I have about 5MB in swap.

Now kick off make -j8 in the linux kernel tree.  CPU goes to about 80/20
user/system
Top looks like this:

 18:21:46 up  1:08,  2 users,  load average: 17.71, 12.19, 12.55
299 processes: 290 sleeping, 9 running, 0 zombie, 0 stopped
CPU states:  77.4% user,  22.6% system,   0.0% nice,   0.0% idle
Mem:    127184K total,   124664K used,     2520K free,     2644K buffers
Swap:   498004K total,    20160K used,   477844K free,    11612K cached

So I have pushed about 20M into swap with a really busy system (SCSI ext2)

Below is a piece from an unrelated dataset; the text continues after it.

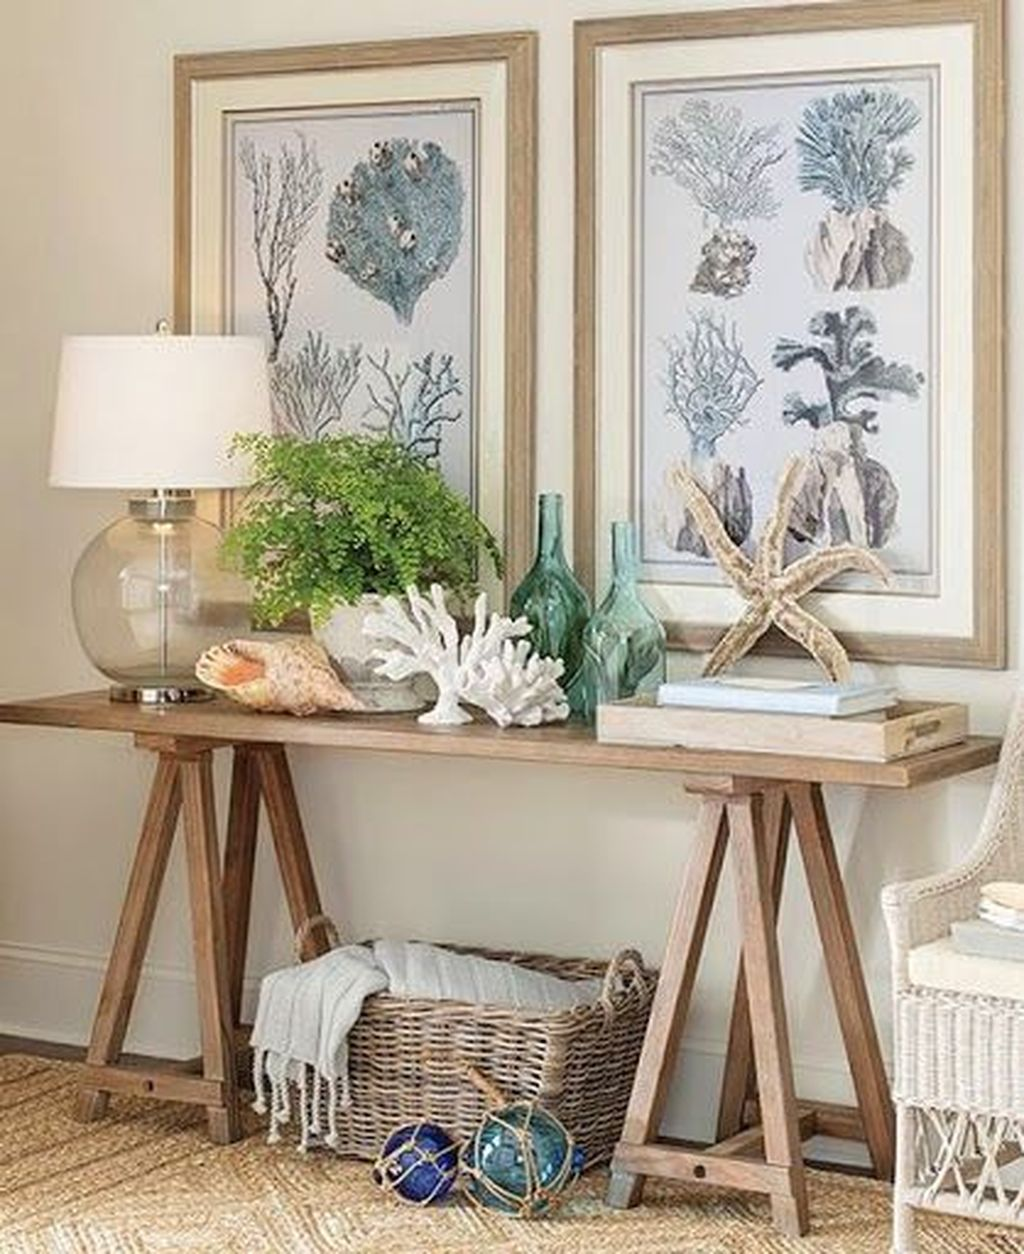 Inspiring Nautical Wall Decor Ideas For Living Room 12

I run make -j8 in the source tree and am able to get the machine in a state
where it is no longer interactive at the terminal, it seems to be hung, the
make is generating nothing, top is not refreshing, machine responds to pings
fine.  Last top refresh shows:

 18:26:41 up  1:13,  3 users,  load average: 39.39, 19.70, 14.99
393 processes: 383 sleeping, 10 running, 0 zombie, 0 stopped
CPU states:  39.6% user,  35.7% system,   0.0% nice,  24.7% idle
Mem:    127184K total,   123244K used,     3940K free,     2880K buffers
Swap:   498004K total,    34504K used,   463500K free,    26332K cached

I wait about 5 mintes to be sure I am not going to get anything back any
time soon.
Send cntl-c to the make, it takes abot a minute to quit. top starts
refreshing and
looks like this:

 18:31:55 up  1:19,  3 users,  load average: 228.76, 167.10, 80.71
331 processes: 330 sleeping, 1 running, 0 zombie, 0 stopped
CPU states:   1.3% user,  27.7% system,   0.0% nice,  71.0% idle
Mem:    127184K total,    87804K used,    39380K free,     3184K buffers
Swap:   498004K total,    31776K used,   466228K free,    24856K cached

If I try again to run the make -j8 I can not seem to get it to "hang" again.
Figuring it now has something cached that it can get to, I move to a
different source tree and run another make -j and it hangs again in a
different spot but with the same symptoms.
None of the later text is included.